I would say yes they do, as 100.3(B) in the NEC states that listed or labeled equipment shall be installed and used in accordance with any instructions included in the listing or labeling. I'm positive that the manufacturer of the exit signs has testing instructions and testing requirements for the equipment.
Look at it this way, an NFPA 110, Level 1 system (NEC 700) is allowed up to 10 seconds to transfer the required emergency loads to the emergency source and restore power. The unit equipment within the exit sign will function as the emergency source of power for the exit sign from the loss of the normal source of power to the transfer to the emergency source of power. The exit signs will always be energized
An additional thought to take into consideration, if there are any emergency luminaires that provide emergency lighting for the exterior of the exit doors, be sure that these emergency luminaires are not supplied with emergency power by the exit sign unit equipment.

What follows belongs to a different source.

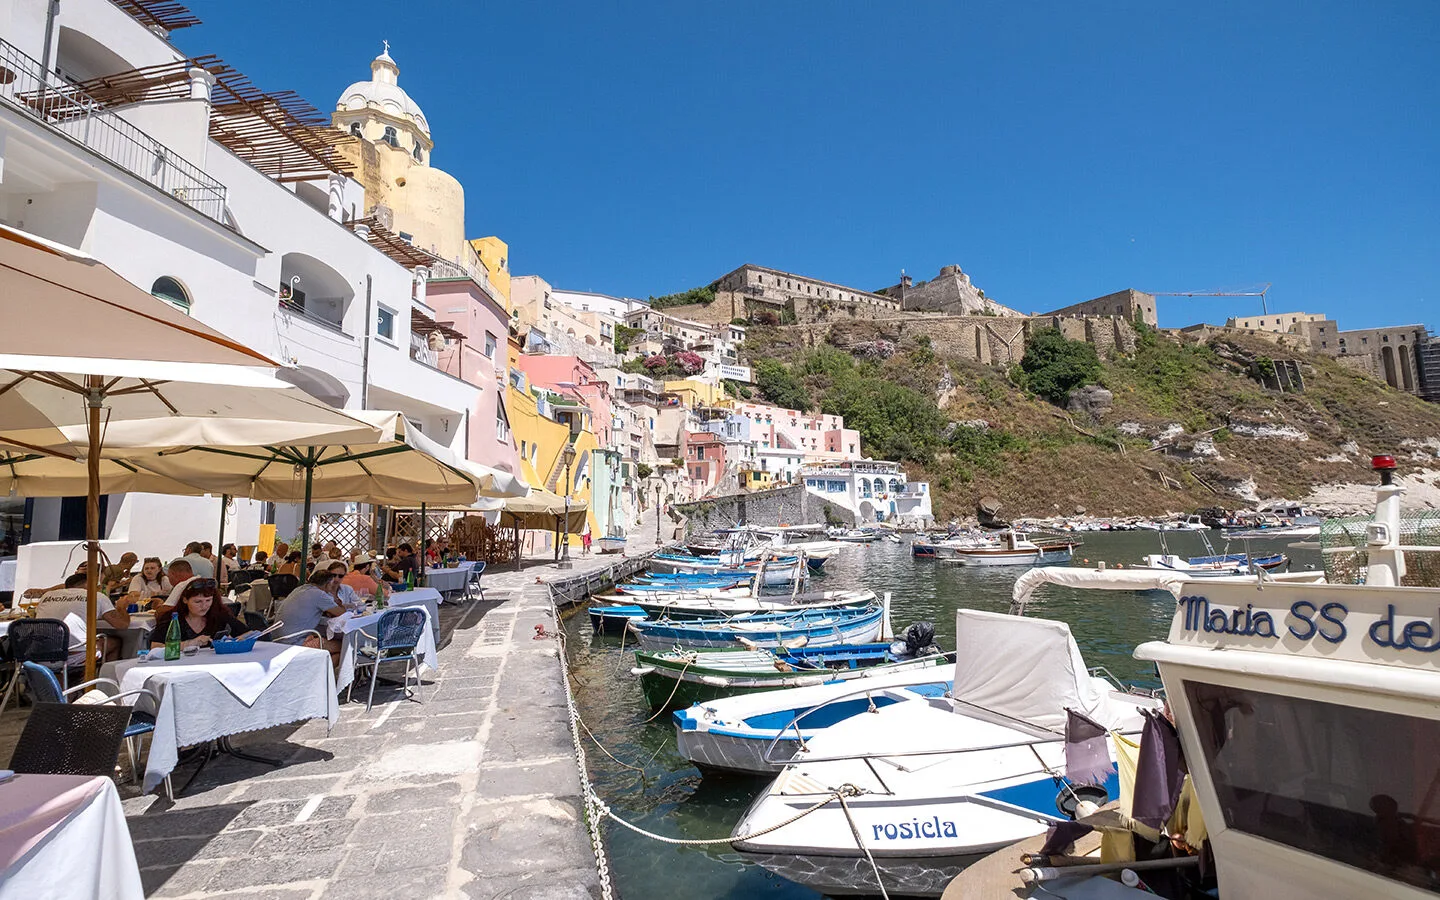 Waterfront restaurants in picturesque Marina Corricella, one of the best things to do in Procida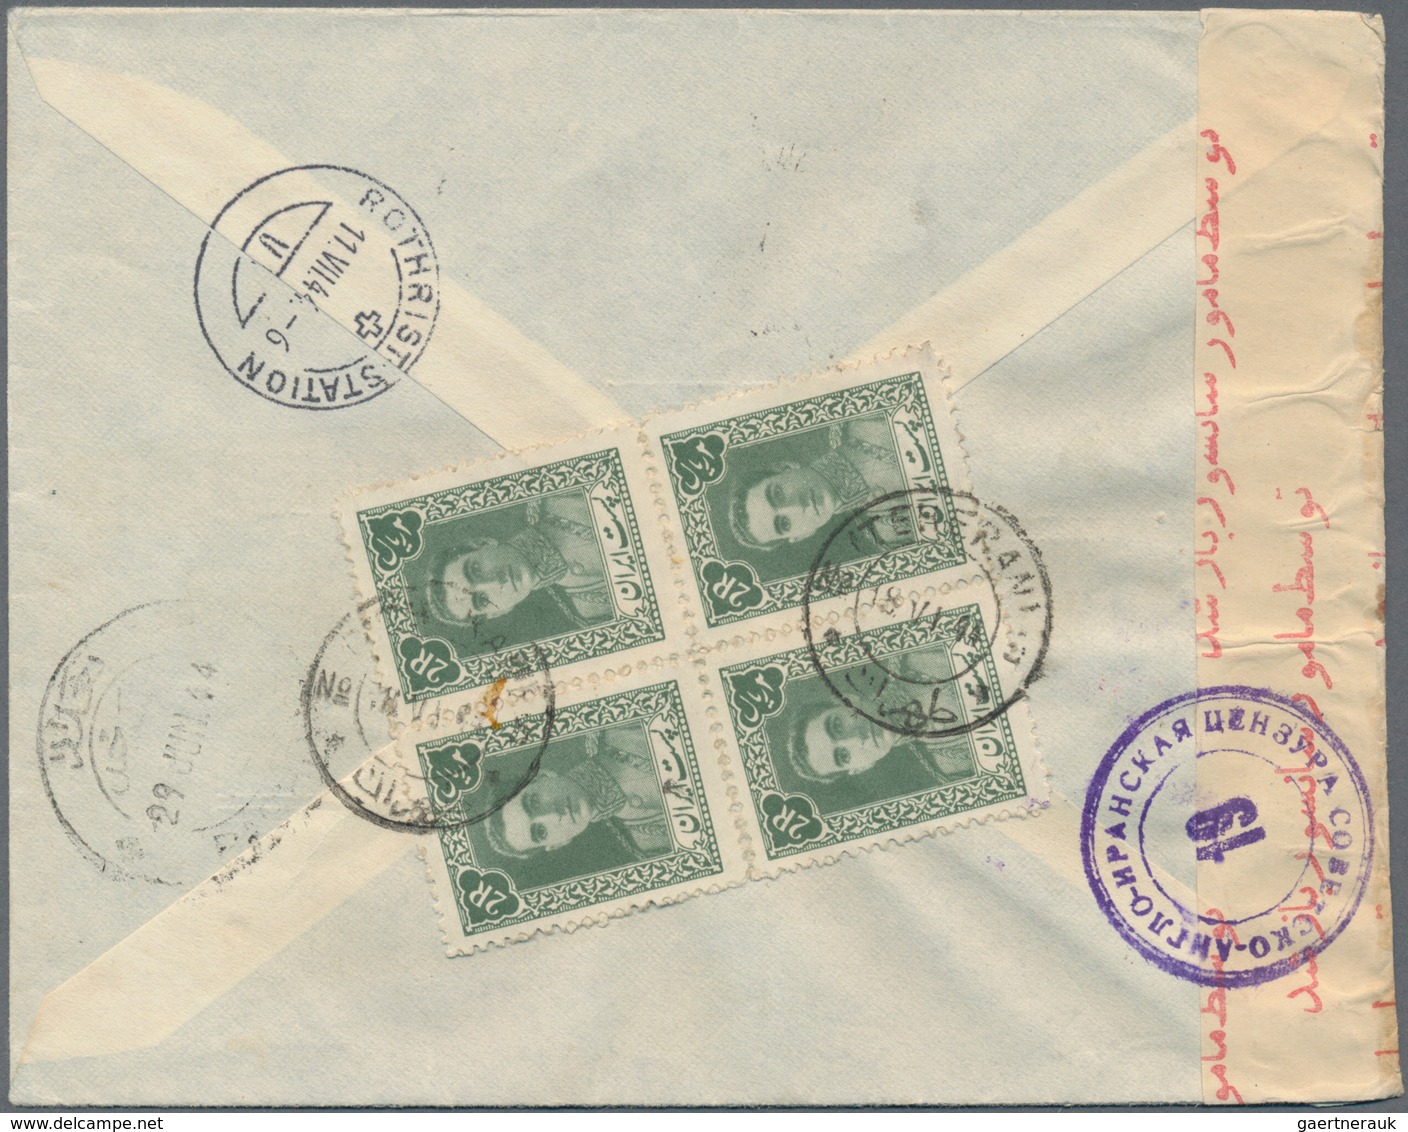 Iran: 1904/55, covers (32), stationery (1) inc. pre-1919 inland (11), 1942/45 anglo-russian censorsh

I'm late to the party but I have some input. NFPA 70 (2017 version) Article 700.16 says that Emergency illumination shall include means of egress lighting, illuminated exit signs, and all other luminaires specified as necessary to provide required illumination.
NFPA 101 (2018 version) 7.10.5 goes into detail regarding illumination of signs. My interpretation is if there is egress lighting that will light the sign until your back up generator picks up the load you are not required to have an internally illuminated sign at that location thus not required to test it. However, if you have an EXIT sign mounted in a location that would not be visible upon loss of power you need to provide means to make it visible at all times. There are battery back-up versions, glow in the dark versions, and internal power source versions (some kind of low grade nuclear source).
Point is, just because you have a battery back up version mounted that doesn't automatically mean you are required to test it. In the locations that don't have emergency lighting you could mount photo luminescent or nuke version.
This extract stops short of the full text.